Потом мне показалось, что подул свежий ветерок, а я долгое время тосковал по такому вот свежему ветерку; начинавшие желтеть и вянуть листочки редких ивовых деревьев, лозы, трава не шевелились, замерли точно в забытьи, но свежий ветерок, мне казалось, все-таки пронесся...
Потом в той стороне, где стояли шестеро рядом с черной мраморной могильной плитой, я увидел гранатовое деревце, на которое до сих пор не обращал внимания, вернее, не видел его; на этом гранатовом деревце было три или четыре ярко-красных граната, и мне показалось, будто багрянец гранатов бросал отсвет на начинавшие желтеть и вянуть листочки ив, лозы, траву.
Мне снова захотелось крикнуть, захотелось, не боясь громкости, выспренности этих слов, воскликнуть: я вас люблю, вы слышите, Джафар, Адыль, Абдулали, Годжа, Джебраил, Агарагим, я так вас люблю, вы слышите!..
Я и тетю Ханум любил...
Вот, тетя Ханум, ты видишь то белое надгробие немного повыше твоего, в самом конце этой тропинки? Это могила Соны, твоей соседки по двору, Соны, жены железнодорожника, проводника Агакерима, моей мамы Соны...
II
Однажды отец, сидя за чаем под навесом во дворе, взглянул вдаль, немного помолчал и сказал мне:
- Придет время, ты увидишь, что постарел... и не узнаешь, как промчались годы...
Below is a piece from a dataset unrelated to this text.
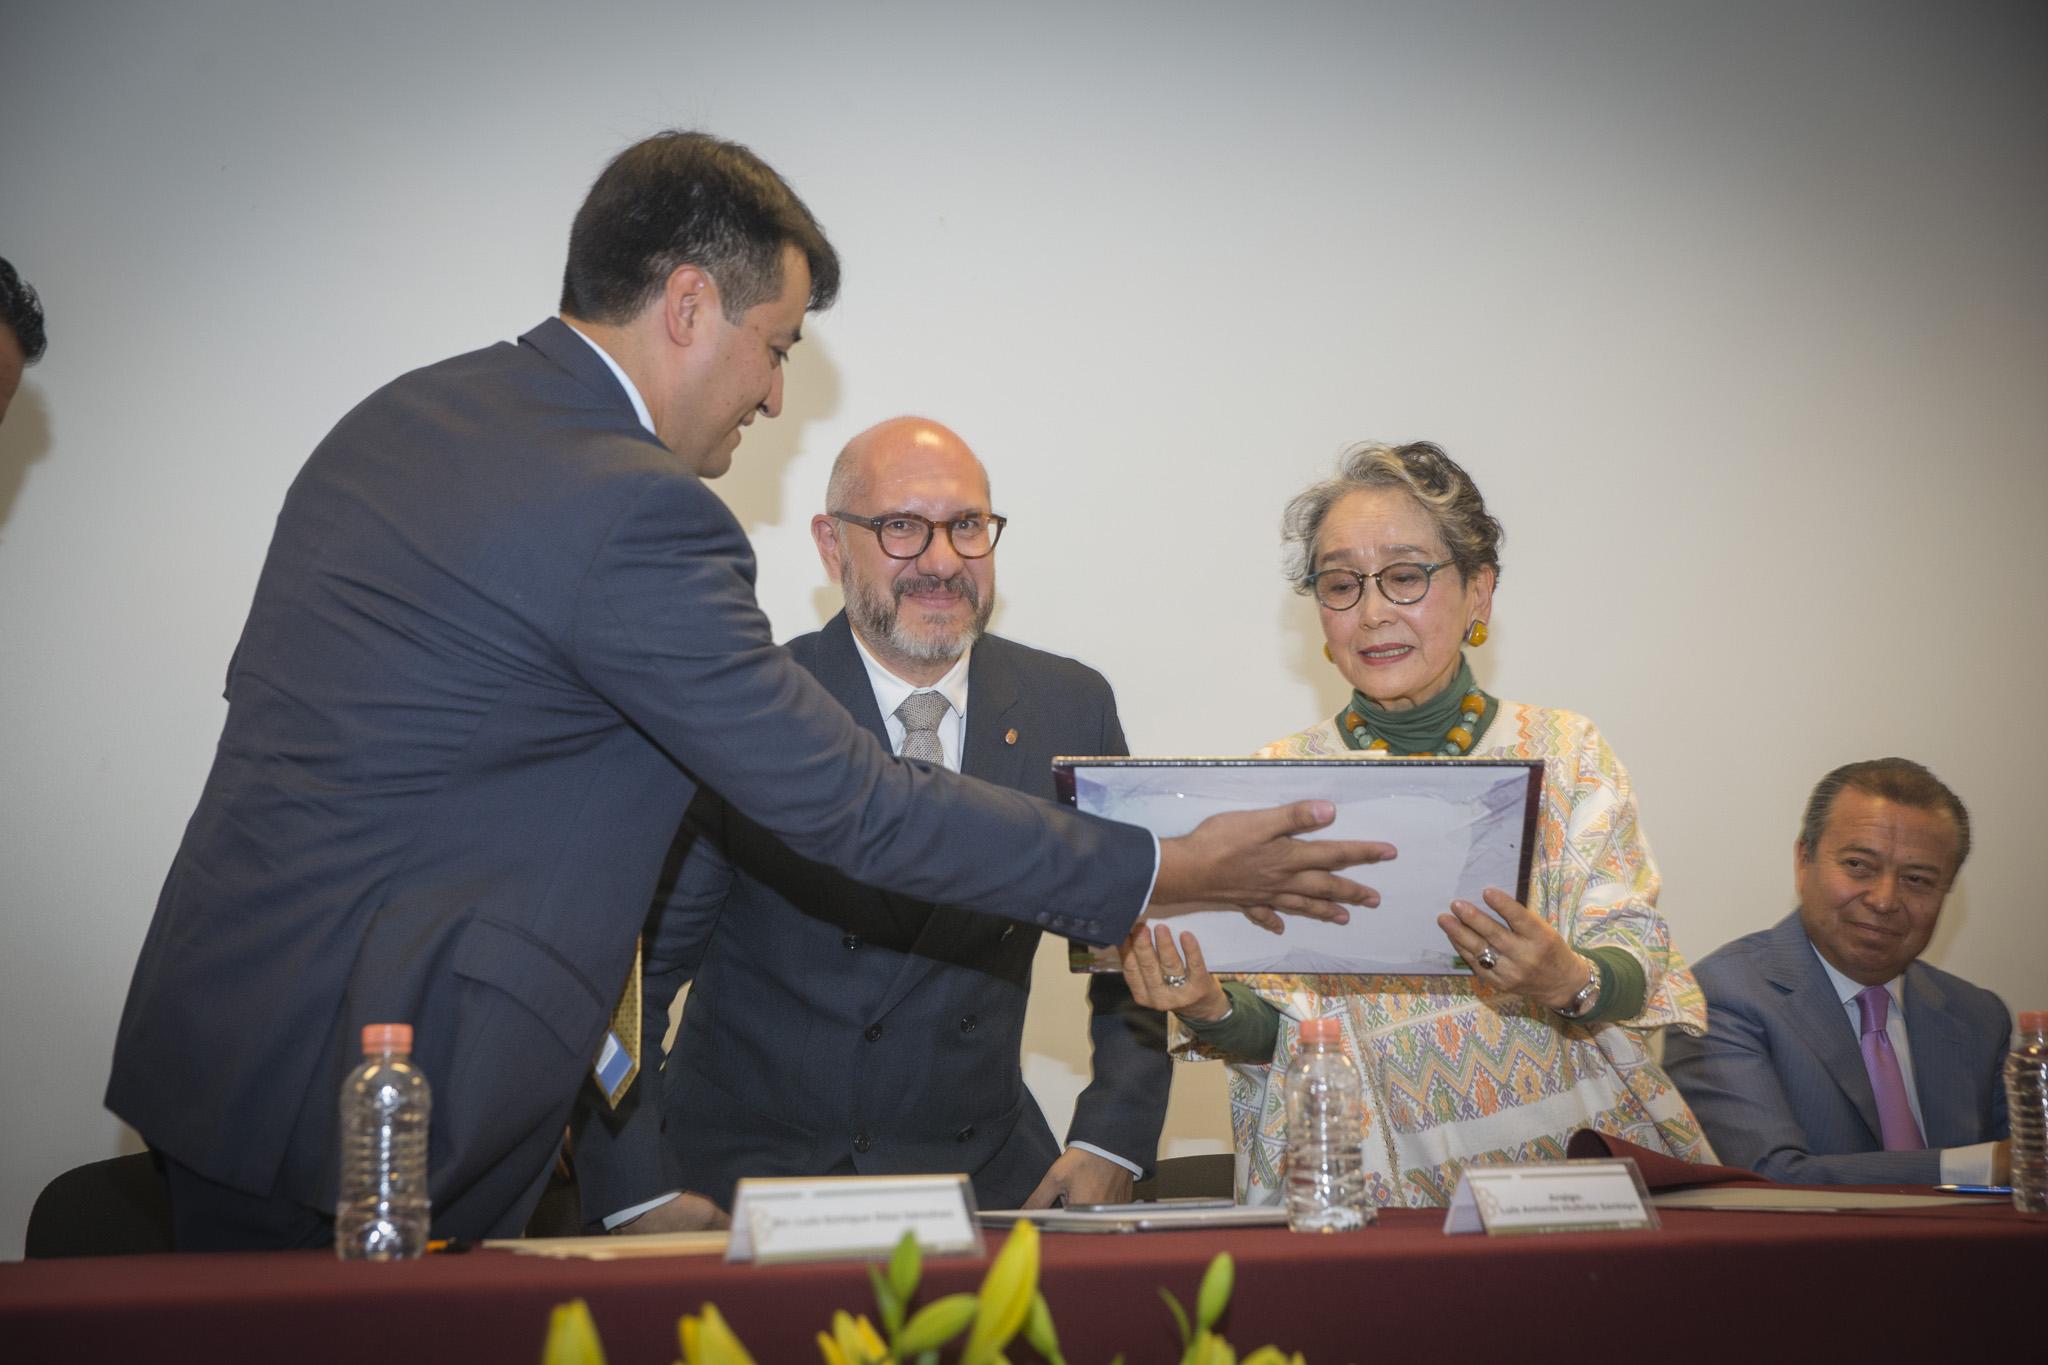 Rinden homenaje a investigadora Yoko Sugiura Yamamoto
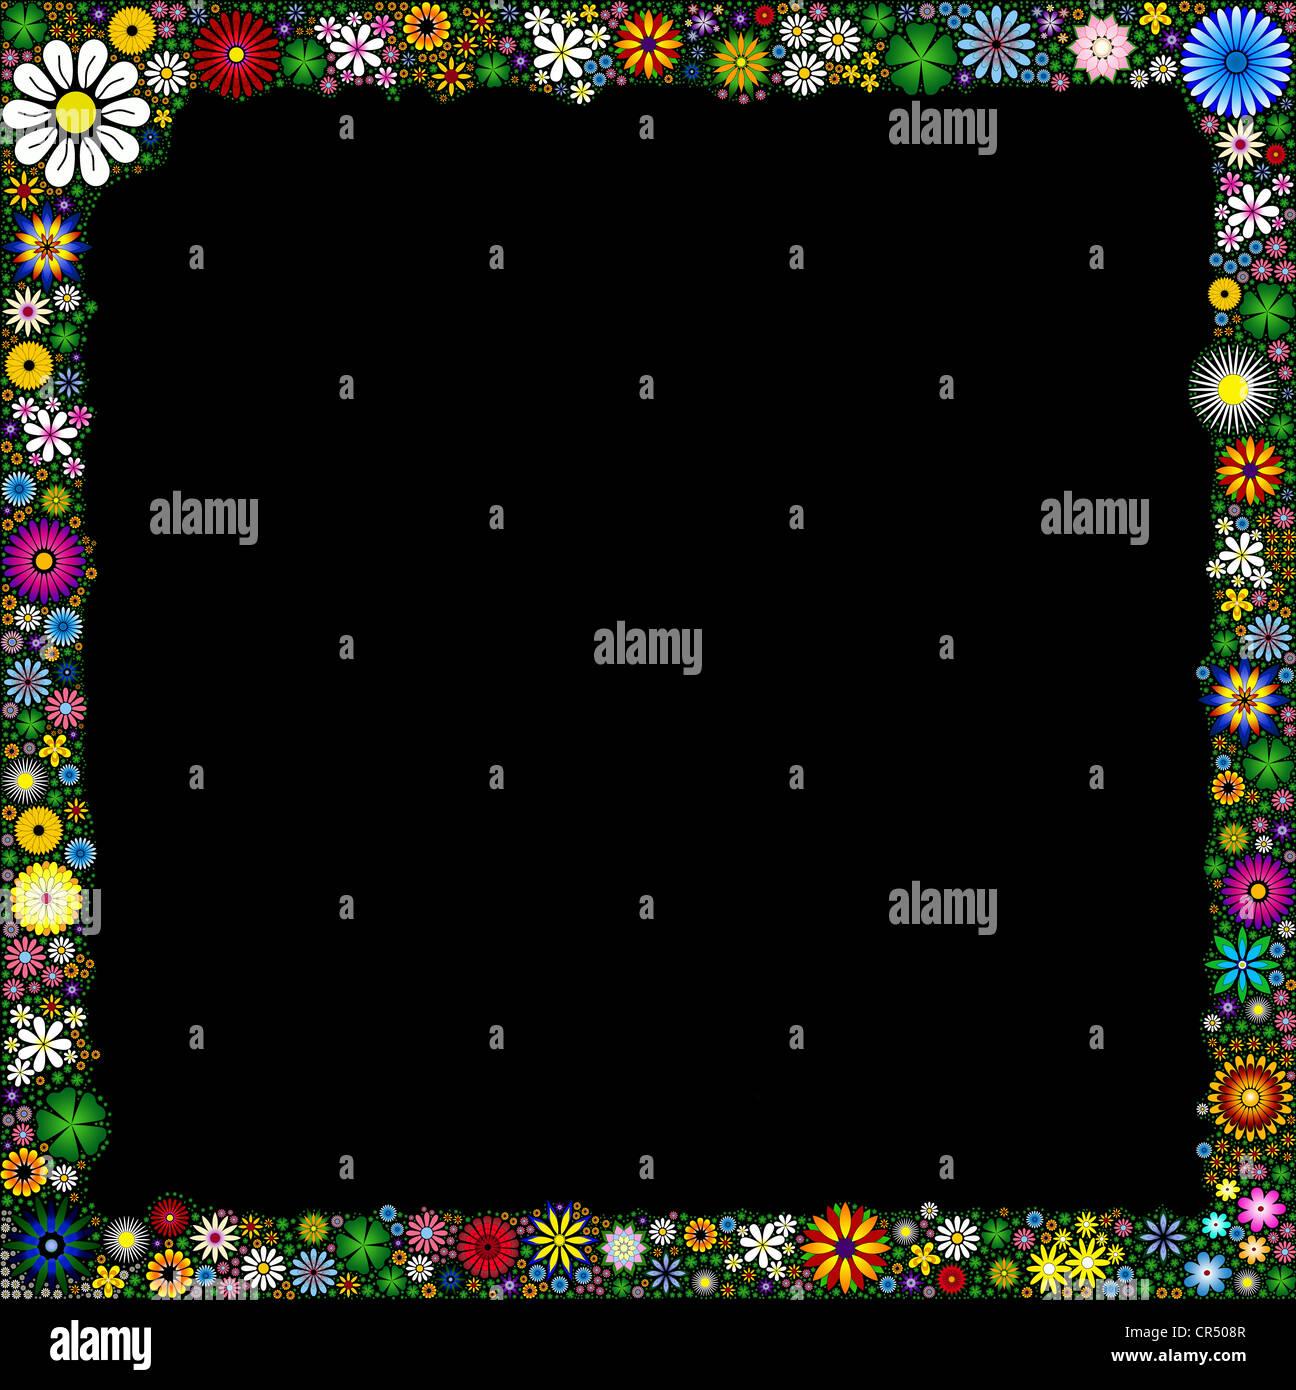 Flower frame / border on black background - Stock Image

Тогда слова отца вещали об очень далеком и туманном будущем, и мне казалось, что я никогда не достигну столь далекого будущего...
Ill
В тишине ночи я взглянул на рукописи, недописанные страницы на моем письменном столе, и эти страницы, которые я исписывал ночами, показались мне совершенно бессмысленными и ненужными... Торопливо, как будто кто-то мог схватить меня за руки и удержать, я собрал эти рукописи, эти недописанные листки, не читая, не разбирая, и убрал со стола.
Поверхность письменного стола стала совершенно пустой.
Я прошелся, сел за свой письменный стол, посмотрел на эту пустоту на столе, и меня охватил ужас, потому что все, что я до сих пор писал, печатал, все, как давешние рукописи, наброски, показалось мне совершенно бессмысленным и ненужным...
Я должен был написать что-то другое.
Я должен был написать что-то, чего не писал до сих пор, и я чувствовал то, что я напишу (во всяком случае, постараюсь написать...).
С того дня, как я увидел шестерых лицом к лицу с черным мраморным могильным камнем, вся душа моя и ум были переполнены, и я знал, что все это должно излиться на белые листки. И вот эти белые листки передо мной...
IV
Сперва мне вспомнилось воскресенье, и то далекое воскресенье теперь улыбается мне...
Когда накануне возвращения отца из рейса мама готовилась его встретить, ее слова "Добро пожаловать, ай Агакерим!", которые она произносила в дверях нашего дома, потом, как они вместе входили в комнату и бросали друг на друга взгляды, которые пытались скрыть от меня,- это были лучшие встречи из тех, что я видел, о которых читал или слыхал за всю свою жизнь.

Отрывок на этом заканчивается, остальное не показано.